* [Work task] Retype, word for word, only the lines from the one containing "Runway Antonio Marras" through the last line of the listing below. Pictures do not belong in the result.

* [The data]
BEGIN
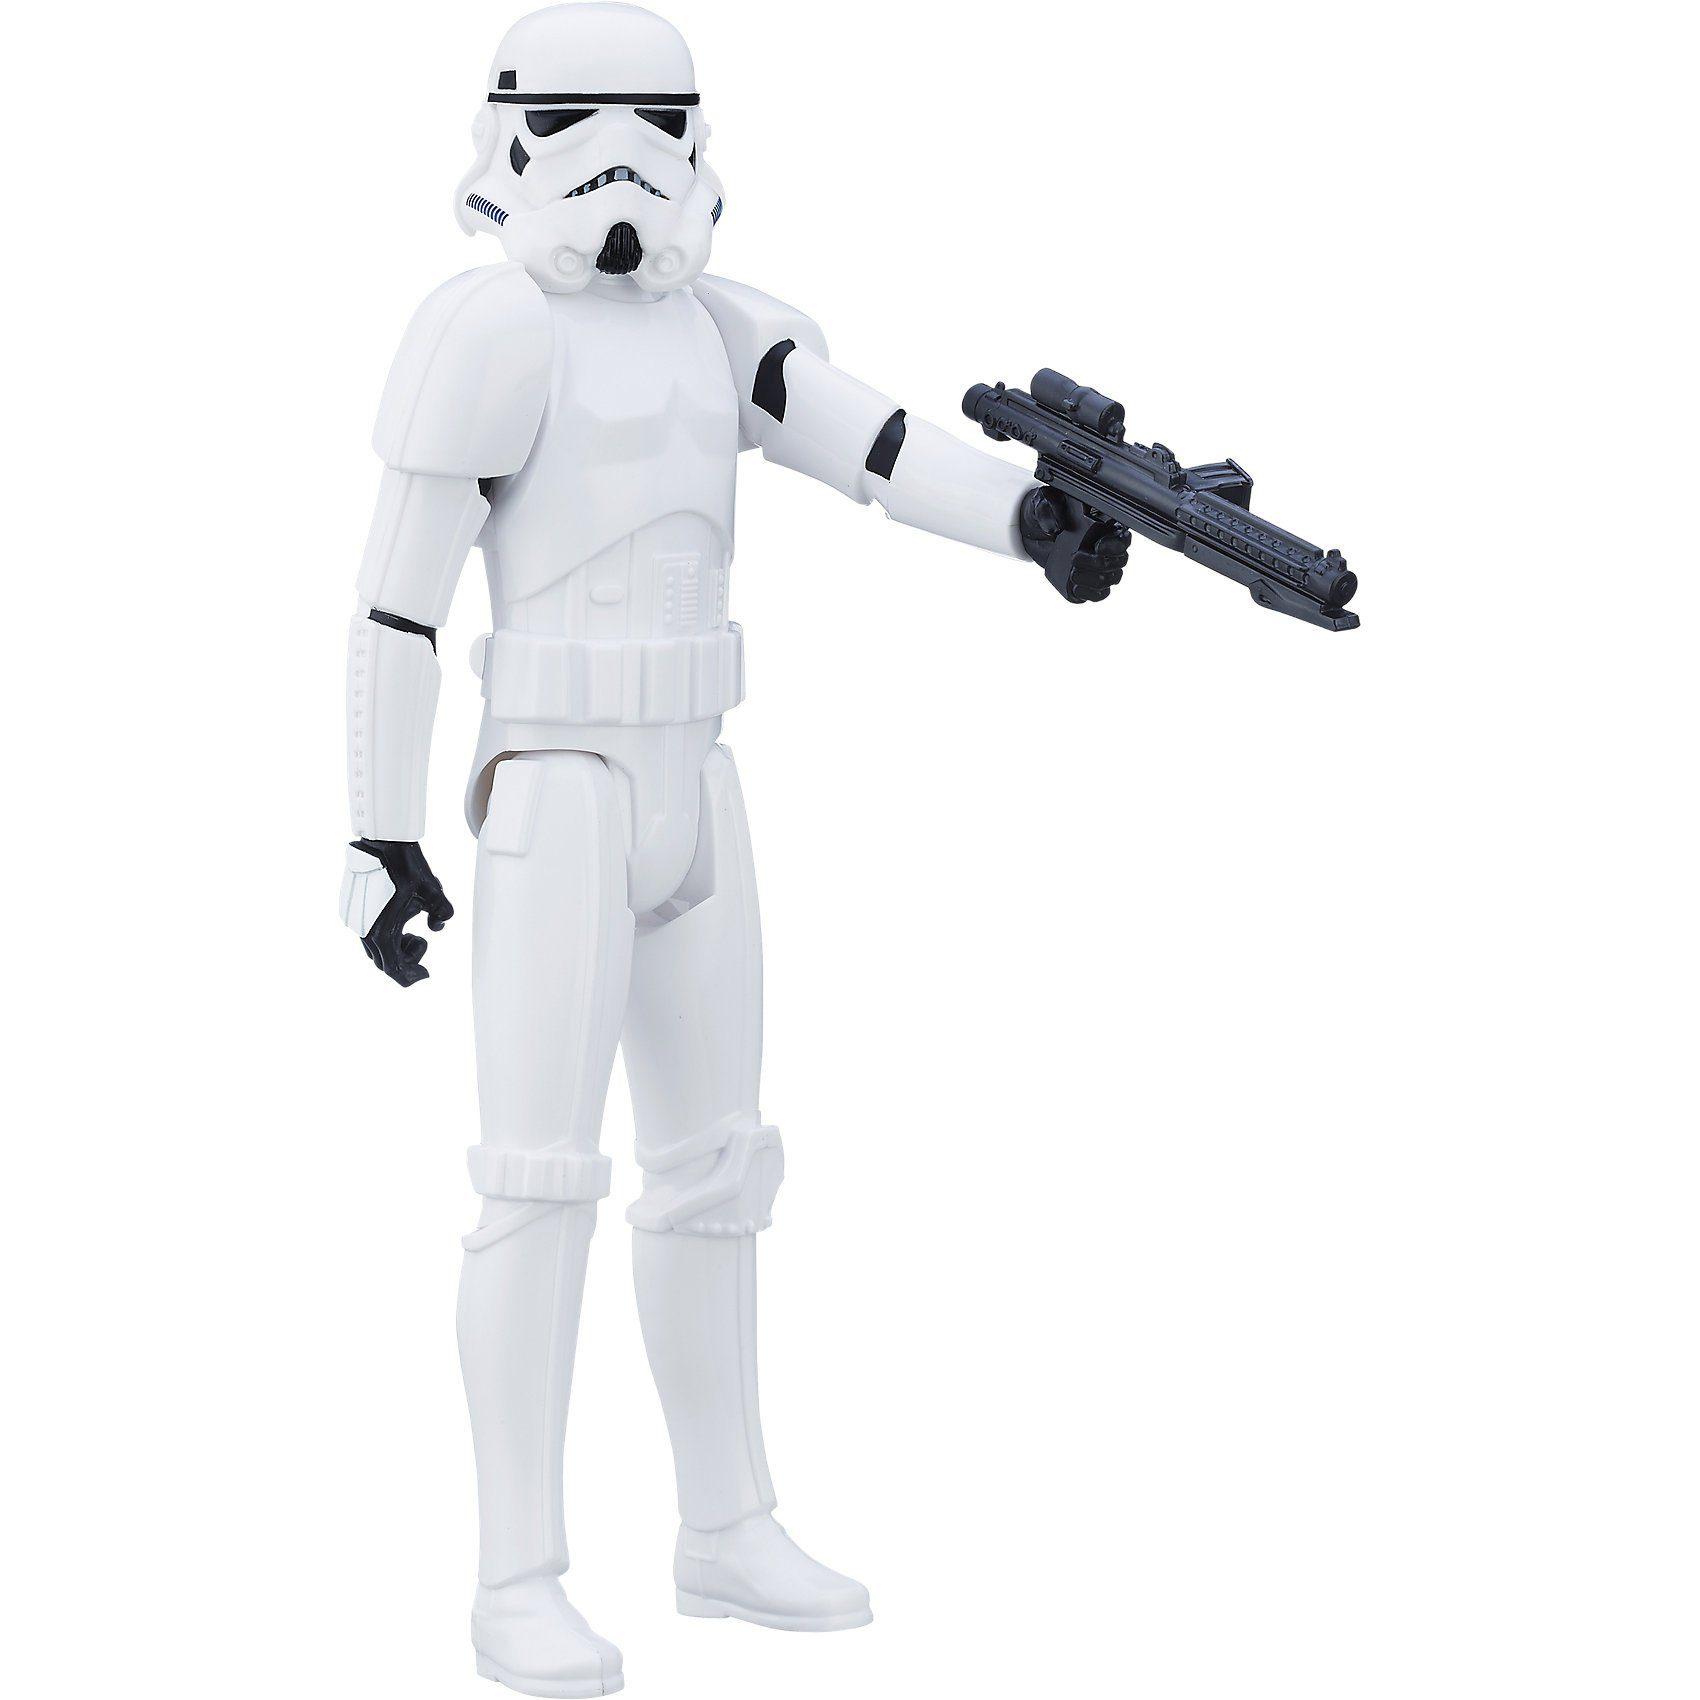 Hasbro Star Wars E7 30 cm Ultimate Figuren - Imperial Stormtrooper
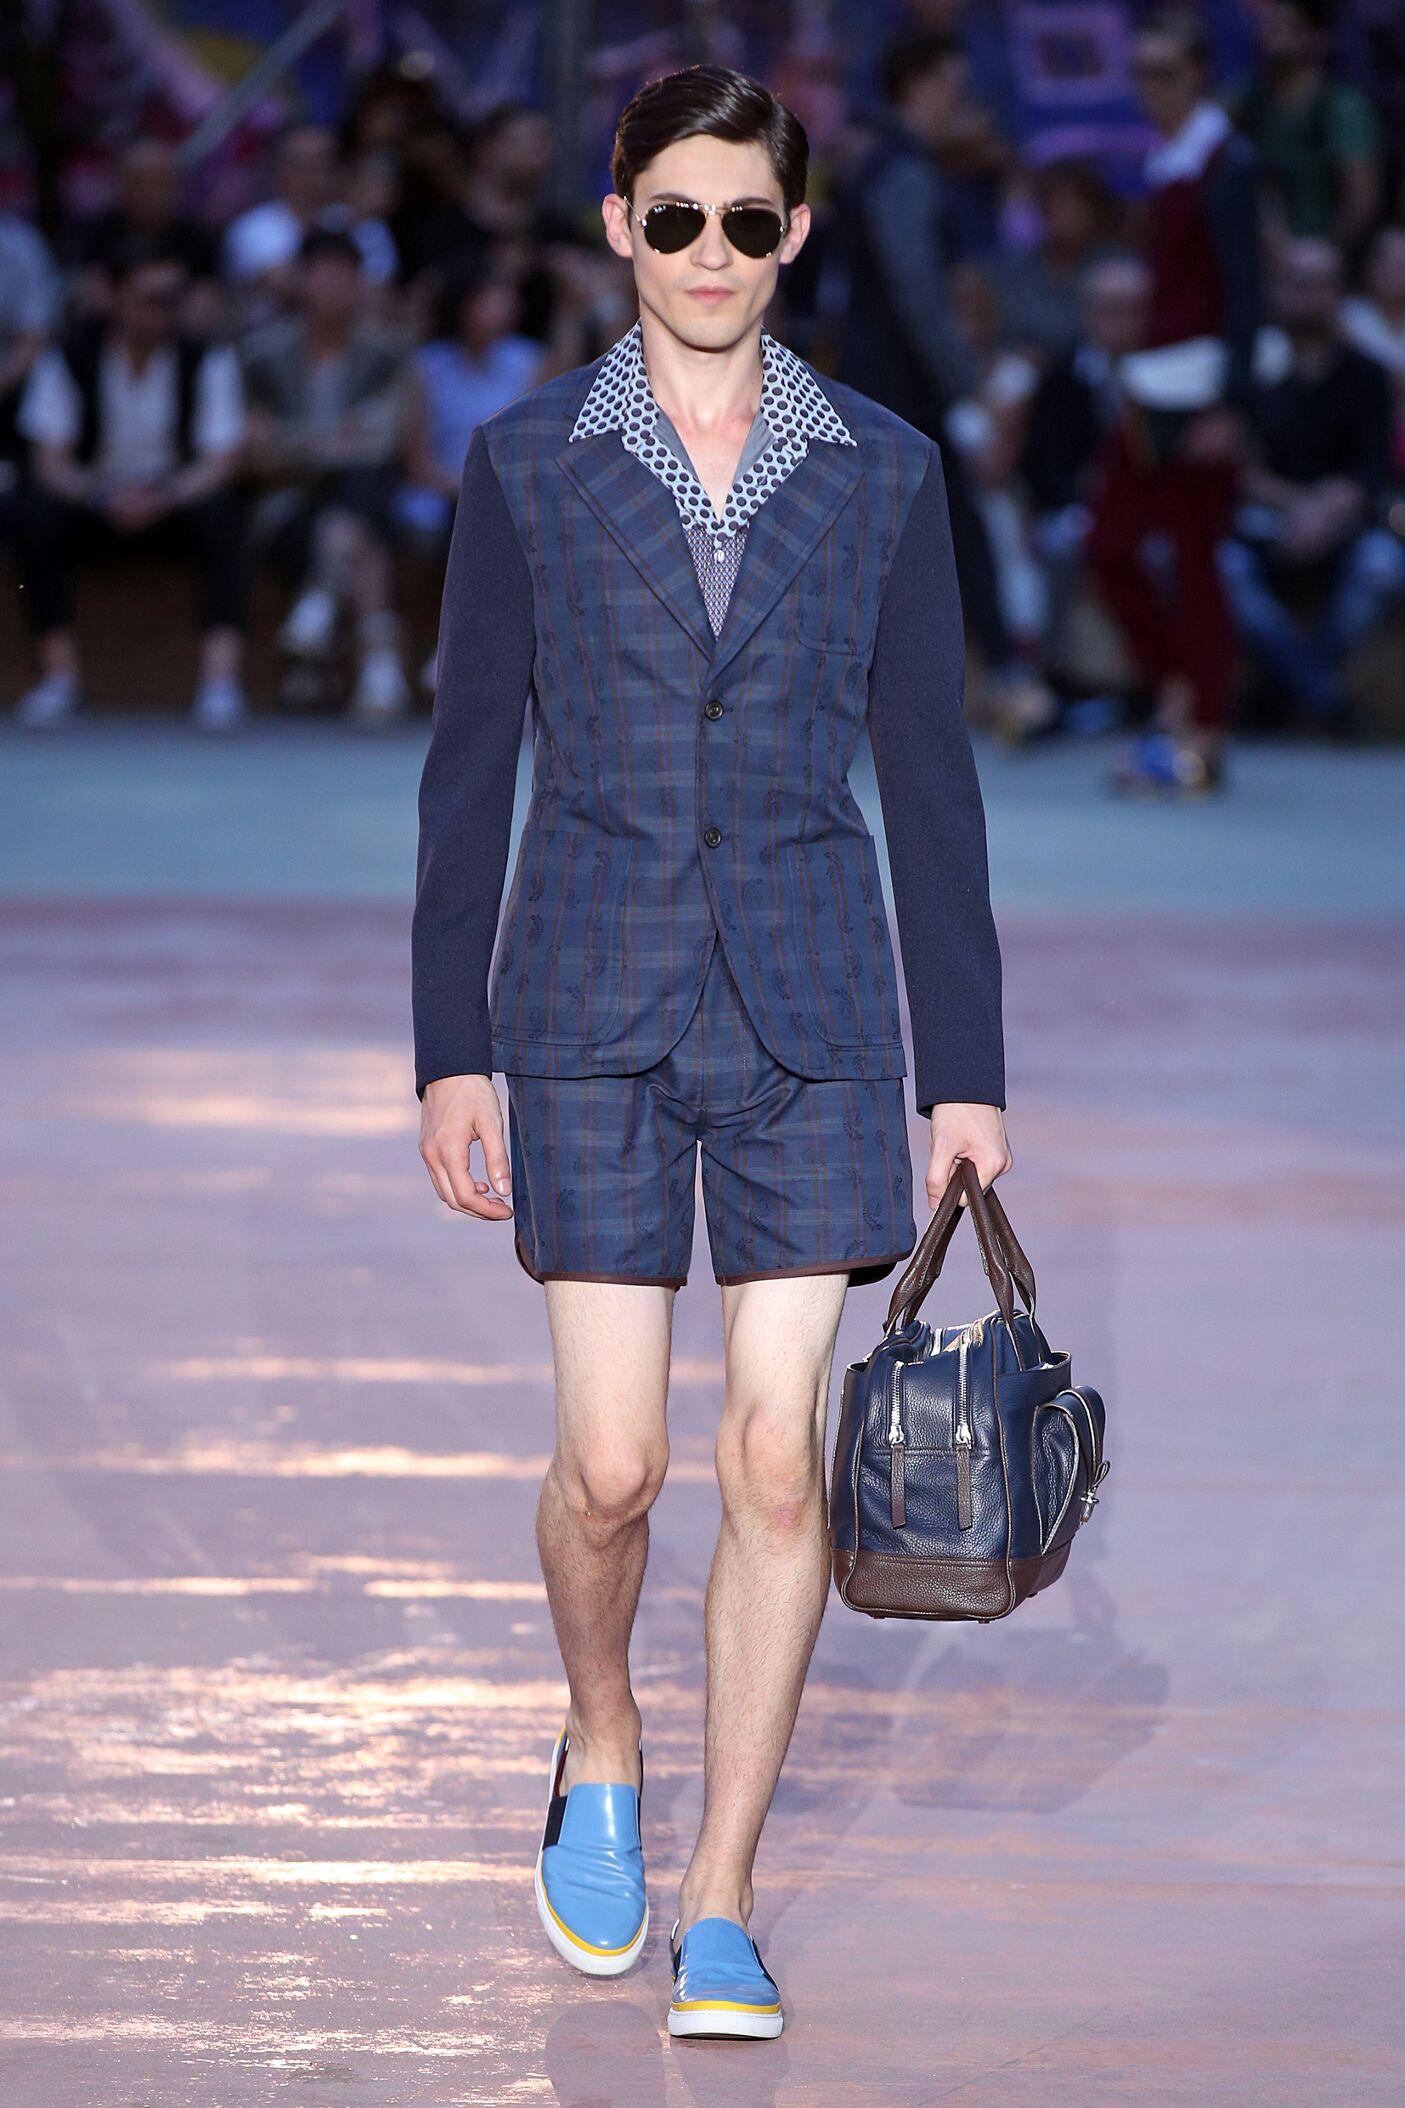 Runway Antonio Marras Spring Summer 2015 Men's Collection Milan Fashion Week
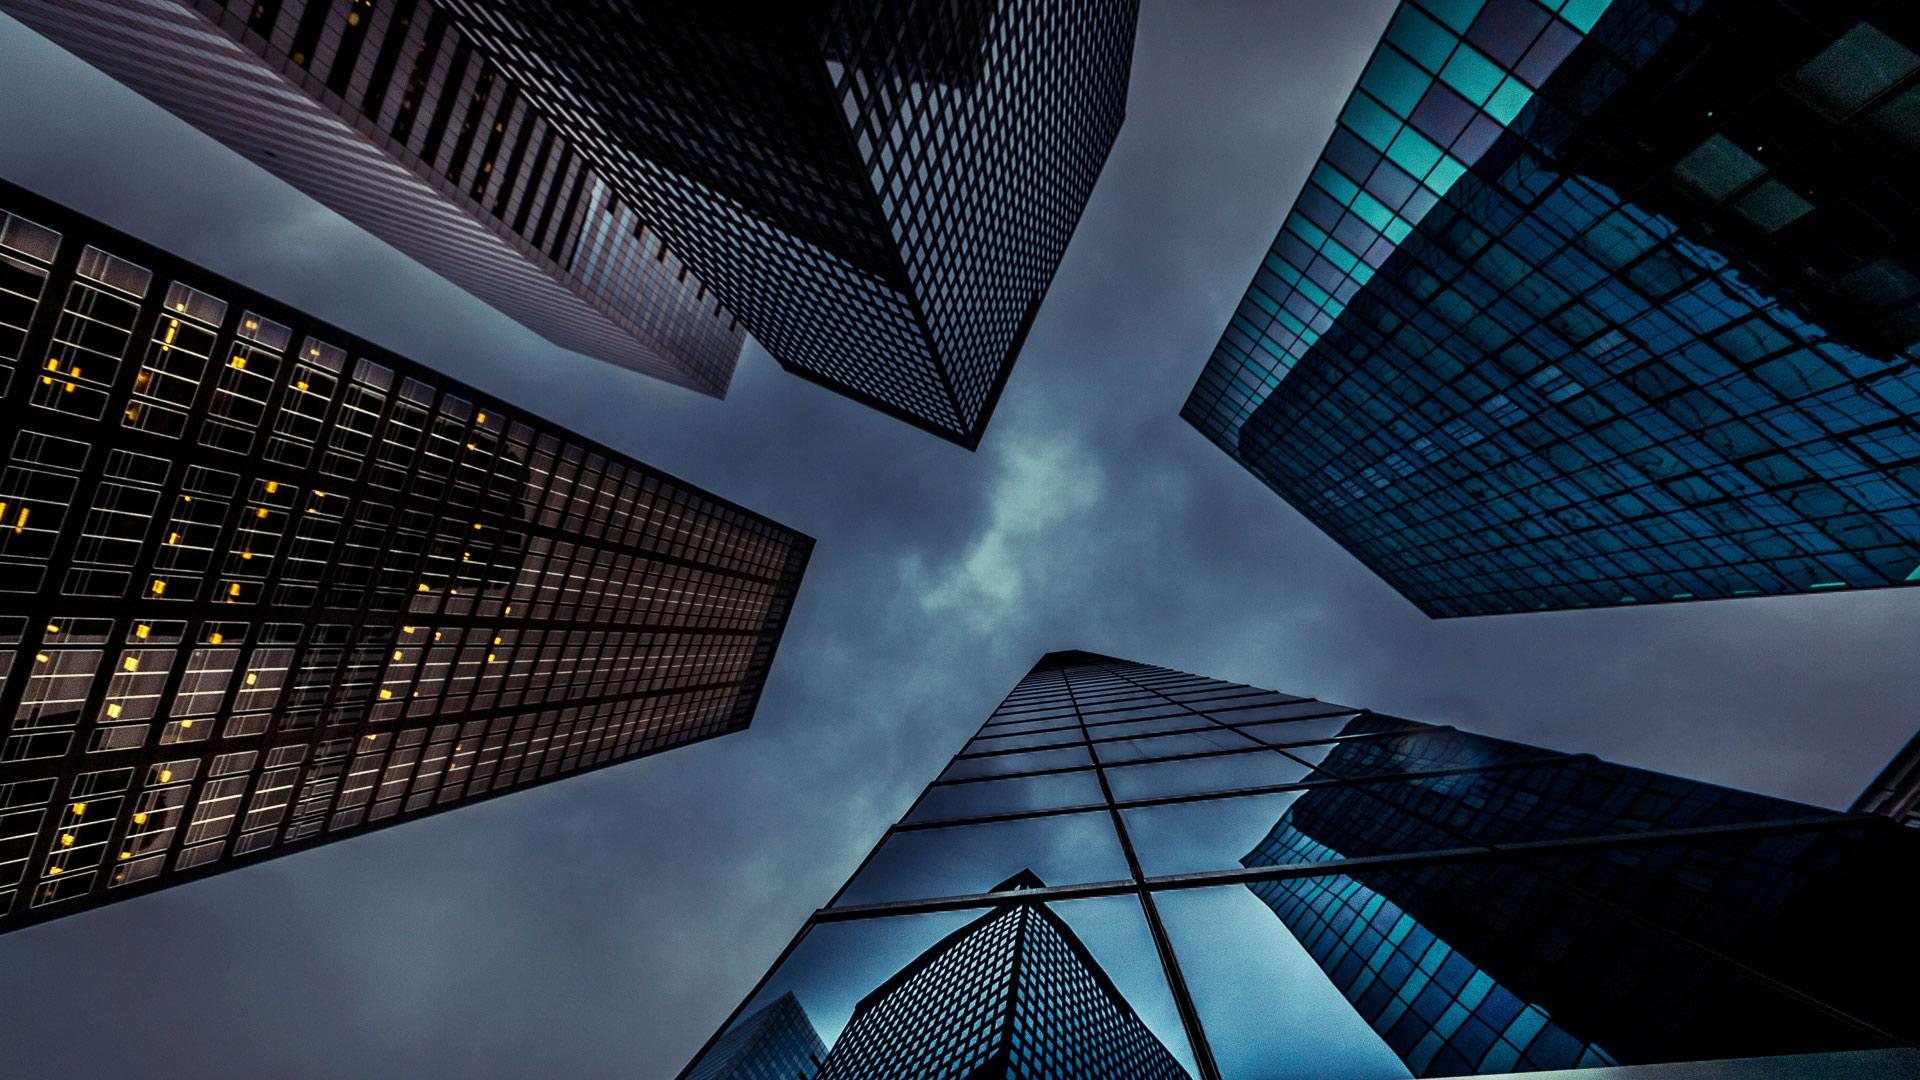 Four Corners Manhattan New York City Usa Windows 10 Spotlight
END
* [Exercise response]
 Runway Antonio Marras Spring Summer 2015 Men's Collection Milan Fashion Week
 Four Corners Manhattan New York City Usa Windows 10 Spotlight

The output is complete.